What the task asks: Once you reach the line containing "an019 - ชุดไปงานแต่ง" in the entries below, write out that line and each one after it down to the line containing "Adezz | Polyester", exactly and with nothing added.

Data entries
◆ ◆ ◆ ◆ ◆
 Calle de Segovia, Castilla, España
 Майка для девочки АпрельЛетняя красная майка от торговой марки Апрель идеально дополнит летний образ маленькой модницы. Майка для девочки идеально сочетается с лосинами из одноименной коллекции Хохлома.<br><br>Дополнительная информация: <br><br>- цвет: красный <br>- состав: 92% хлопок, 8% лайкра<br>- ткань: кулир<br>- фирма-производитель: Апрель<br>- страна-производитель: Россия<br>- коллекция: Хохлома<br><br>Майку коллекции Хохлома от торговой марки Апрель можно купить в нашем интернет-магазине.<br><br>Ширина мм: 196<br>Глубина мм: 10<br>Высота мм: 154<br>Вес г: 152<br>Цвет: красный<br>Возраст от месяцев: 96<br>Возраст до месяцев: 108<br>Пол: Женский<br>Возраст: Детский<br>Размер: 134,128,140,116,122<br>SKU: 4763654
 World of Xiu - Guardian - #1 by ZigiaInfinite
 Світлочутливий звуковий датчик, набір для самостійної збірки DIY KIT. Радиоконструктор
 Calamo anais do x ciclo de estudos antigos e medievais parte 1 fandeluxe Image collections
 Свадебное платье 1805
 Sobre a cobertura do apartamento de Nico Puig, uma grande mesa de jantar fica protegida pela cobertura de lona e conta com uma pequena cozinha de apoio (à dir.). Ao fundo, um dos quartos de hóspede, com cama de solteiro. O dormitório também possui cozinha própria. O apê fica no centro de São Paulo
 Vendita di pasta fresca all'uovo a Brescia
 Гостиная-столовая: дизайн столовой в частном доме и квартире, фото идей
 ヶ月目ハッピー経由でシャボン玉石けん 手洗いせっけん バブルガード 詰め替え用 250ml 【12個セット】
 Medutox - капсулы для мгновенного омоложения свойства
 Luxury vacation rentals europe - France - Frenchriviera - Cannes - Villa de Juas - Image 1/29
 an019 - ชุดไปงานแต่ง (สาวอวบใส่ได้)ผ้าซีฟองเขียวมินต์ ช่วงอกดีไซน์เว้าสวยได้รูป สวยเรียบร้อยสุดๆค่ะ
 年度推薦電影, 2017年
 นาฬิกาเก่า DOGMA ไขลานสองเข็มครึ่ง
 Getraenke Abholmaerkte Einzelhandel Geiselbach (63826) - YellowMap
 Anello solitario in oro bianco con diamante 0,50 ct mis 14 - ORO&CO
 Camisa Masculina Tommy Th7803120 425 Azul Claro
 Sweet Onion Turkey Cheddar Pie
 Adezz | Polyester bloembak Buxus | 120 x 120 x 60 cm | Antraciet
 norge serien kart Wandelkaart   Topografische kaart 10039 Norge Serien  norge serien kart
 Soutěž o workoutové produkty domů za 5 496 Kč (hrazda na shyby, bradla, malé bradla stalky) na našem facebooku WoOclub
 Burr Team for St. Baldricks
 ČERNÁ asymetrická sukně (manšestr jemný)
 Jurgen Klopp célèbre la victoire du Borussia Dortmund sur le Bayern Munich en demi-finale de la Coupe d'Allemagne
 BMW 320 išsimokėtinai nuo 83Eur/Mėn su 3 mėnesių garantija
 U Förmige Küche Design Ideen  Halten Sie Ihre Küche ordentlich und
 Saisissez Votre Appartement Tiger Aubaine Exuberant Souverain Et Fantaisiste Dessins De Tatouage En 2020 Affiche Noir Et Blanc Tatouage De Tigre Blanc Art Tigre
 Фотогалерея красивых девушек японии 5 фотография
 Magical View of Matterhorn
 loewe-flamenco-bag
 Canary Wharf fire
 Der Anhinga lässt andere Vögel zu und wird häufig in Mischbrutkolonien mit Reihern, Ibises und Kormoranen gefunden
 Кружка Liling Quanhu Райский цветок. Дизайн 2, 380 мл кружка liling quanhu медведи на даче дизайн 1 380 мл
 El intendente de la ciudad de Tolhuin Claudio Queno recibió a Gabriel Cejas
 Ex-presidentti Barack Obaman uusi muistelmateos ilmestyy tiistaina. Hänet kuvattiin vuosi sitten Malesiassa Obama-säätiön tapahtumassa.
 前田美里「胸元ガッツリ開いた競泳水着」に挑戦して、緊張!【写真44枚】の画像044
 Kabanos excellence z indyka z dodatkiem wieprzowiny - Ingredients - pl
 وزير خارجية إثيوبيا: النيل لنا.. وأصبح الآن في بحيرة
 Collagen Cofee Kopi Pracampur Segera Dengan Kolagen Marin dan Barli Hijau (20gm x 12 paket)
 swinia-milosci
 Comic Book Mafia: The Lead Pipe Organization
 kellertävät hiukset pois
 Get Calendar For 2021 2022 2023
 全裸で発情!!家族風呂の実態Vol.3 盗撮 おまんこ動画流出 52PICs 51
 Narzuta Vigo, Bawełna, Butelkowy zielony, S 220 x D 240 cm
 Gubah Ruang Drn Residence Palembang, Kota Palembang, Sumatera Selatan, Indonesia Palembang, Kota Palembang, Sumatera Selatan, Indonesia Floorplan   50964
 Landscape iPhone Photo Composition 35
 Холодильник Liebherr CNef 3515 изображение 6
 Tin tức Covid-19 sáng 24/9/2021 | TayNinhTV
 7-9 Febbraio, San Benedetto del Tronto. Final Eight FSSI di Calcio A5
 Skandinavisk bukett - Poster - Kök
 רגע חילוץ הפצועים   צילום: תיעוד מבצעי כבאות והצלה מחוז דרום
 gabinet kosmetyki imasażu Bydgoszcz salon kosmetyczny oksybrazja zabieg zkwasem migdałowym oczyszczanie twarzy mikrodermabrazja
◆ ◆ ◆ ◆ ◆
Exercise response:
 an019 - ชุดไปงานแต่ง (สาวอวบใส่ได้)ผ้าซีฟองเขียวมินต์ ช่วงอกดีไซน์เว้าสวยได้รูป สวยเรียบร้อยสุดๆค่ะ
 年度推薦電影, 2017年
 นาฬิกาเก่า DOGMA ไขลานสองเข็มครึ่ง
 Getraenke Abholmaerkte Einzelhandel Geiselbach (63826) - YellowMap
 Anello solitario in oro bianco con diamante 0,50 ct mis 14 - ORO&CO
 Camisa Masculina Tommy Th7803120 425 Azul Claro
 Sweet Onion Turkey Cheddar Pie
 Adezz | Polyester bloembak Buxus | 120 x 120 x 60 cm | Antraciet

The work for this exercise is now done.